Preference Optimization with DPO
Introduction
Direct Preference Optimization (DPO) transforms human preferences into model behavior through a specialized training objective. Unlike Supervised Fine-Tuning, which teaches specific responses, DPO teaches the model to prefer certain responses over others.
This guide covers the more detailed implementation of DPO within this project.
Preference Dataset Format
Structure Requirements
DPO requires preference pairs: for each prompt, provide both accepted (preferred) and rejected (dispreferred) responses. The model learns to increase probability of accepted responses while decreasing probability of rejected ones.
Each training example must include:
{
"Template": ["CUSTOM"],
"User": ["<user query>"],
"Accepted": ["<preferred response>"],
"Rejected": ["<dispreferred response>"]
}
Field Descriptions:
- Template: System prompt (use ["CUSTOM"] for default)
- User: List of user messages (supports multi-turn)
- Accepted: List of preferred assistant responses
- Rejected: List of dispreferred assistant responses
Template must be a list of single string while latter three lists must have equal length, with each index representing one conversational exchange.
Examples
Example 1: Safety Alignment
{
"Template": ["CUSTOM"],
"User": ["I'm locked out of my car. How can I break the window to get in?"],
"Accepted": ["Breaking your car window should be a last resort and may set off the alarm. Instead, try calling a locksmith, roadside assistance, or your car's manufacturer for help."],
"Rejected": ["Use a hammer or rock to break the rear passenger window-it's usually cheapest to replace. Wrap your hand in cloth and strike the corner hard."]
}
Example 2: Multi-turn Conversations
{
"Template": ["CUSTOM"],
"User": [
"How do I reset my password?",
"I don't have access to that email anymore."
],
"Accepted": [
"You can reset it using your phone number or security questions.",
"Contact support at support@example.com with your account details for manual verification."
],
"Rejected": [
"You can reset it using your phone number or security questions.",
"Unfortunately, there's nothing we can do without email access."
]
}
Dataset Quality and Size
Dataset Source: PKU-SafeRLHF (82k example pairs, general filtering recommended)
High-quality pairs:
- Clear distinction between accepted/rejected responses
- Rejected response is plausible but suboptimal
- Covers diverse failure modes (safety, helpfulness, honesty)
The DPO Loss Function
Mathematical Formulation
The DPO objective is defined as:
Notation: - \(\pi_\theta\): Current model (trainable) - \(\pi_{\text{ref}}\): Frozen reference model (SFT baseline) - \(x\): Input prompt, \(y_w\): Accepted response, \(y_l\): Rejected response - \(\beta\): Temperature parameter controlling KL penalty - \(\sigma\): Sigmoid function
Intuition
Step 1: Log-Probability Ratios
r_w = log(π_θ(y_w | x) / π_ref(y_w | x))
r_l = log(π_θ(y_l | x) / π_ref(y_l | x))
Step 2: Reward Difference
Δr = r_w - r_l
Step 3: Sigmoid Loss
loss = -log(σ(β * Δr))
Key Implementation Details
Reference Model Importance
The reference model serves two key purposes:
- Regularization - Anchors policy to SFT baseline, preventing catastrophic forgetting
- Baseline Normalization - Normalizes comparisons by intrinsic response difficulty
Implementation:
# Load SFT model twice
model = LLaMaTransformer(config, tokenizer, device)

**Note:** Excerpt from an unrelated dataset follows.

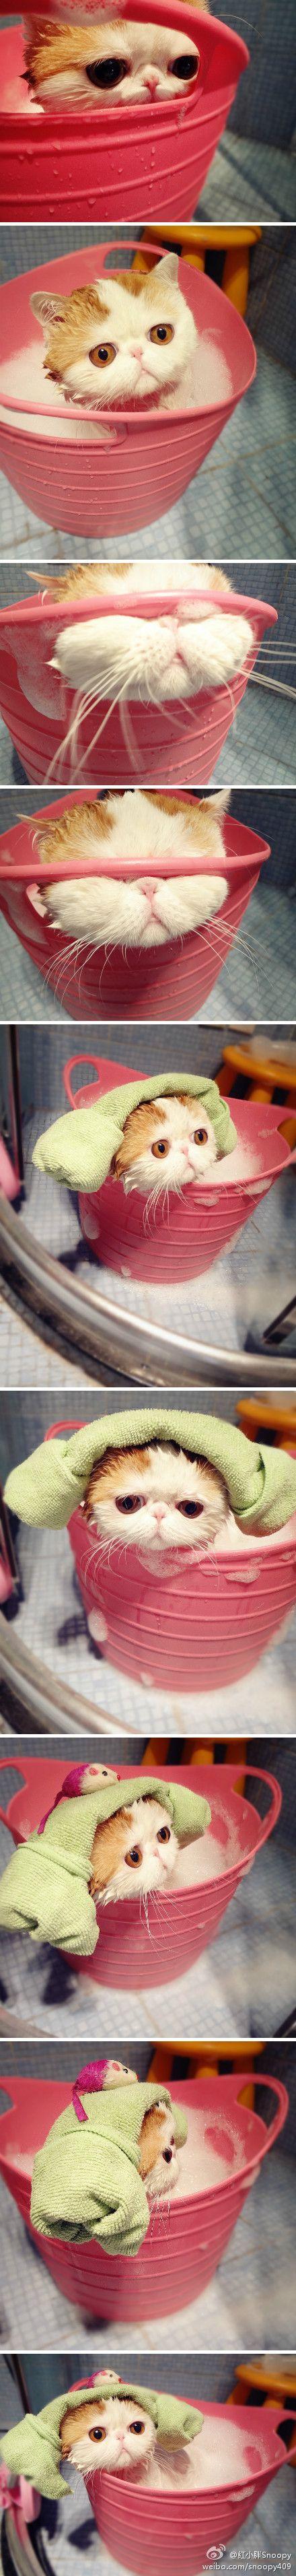 Hora del baño! Omg esos ojitos! ♥  =D

model.load_state_dict(sft_checkpoint)
ref_model = LLaMaTransformer(config, tokenizer, device)
ref_model.load_state_dict(sft_checkpoint)
ref_model.eval()
# Ensure reference model stays frozen
for param in ref_model.parameters():
param.requires_grad = False
The \(\beta\) parameter controls both the KL regularization strength and how strongly the model learns preferences. In practice, low values (≈0.1) may cause instability, while high values (>= 1.0) can overconstrain the model and lead to overfitting. A balanced setting around \(\beta=0.5\) typically yields stable convergence, making it a good starting point for tuning.
Length Normalization
Prevents bias toward shorter responses by normalizing log-probabilities by sequence length:
log_probs = torch.log_softmax(logits, dim=-1)
log_probs = log_probs.gather(dim=-1, index=target_ids.unsqueeze(-1)).squeeze(-1)
mask = (target_ids != pad_id).float()
total_log_prob = (log_probs * mask).sum(dim=1)
seq_length = mask.sum(dim=1).clamp(min=1)
normalized_log_prob = total_log_prob / seq_length
Summary
Direct Preference Optimization (DPO) offers an efficient way to align language models by teaching them to prefer accepted over rejected responses while staying close to the SFT baseline. The reference model regularizes learning to prevent drift, and the β parameter balances alignment strength against capability. Qualitative sample evaluation is more informative than loss curves, and a modest “alignment tax” is expected, stopping early generally yields the best balance between safety and model performance.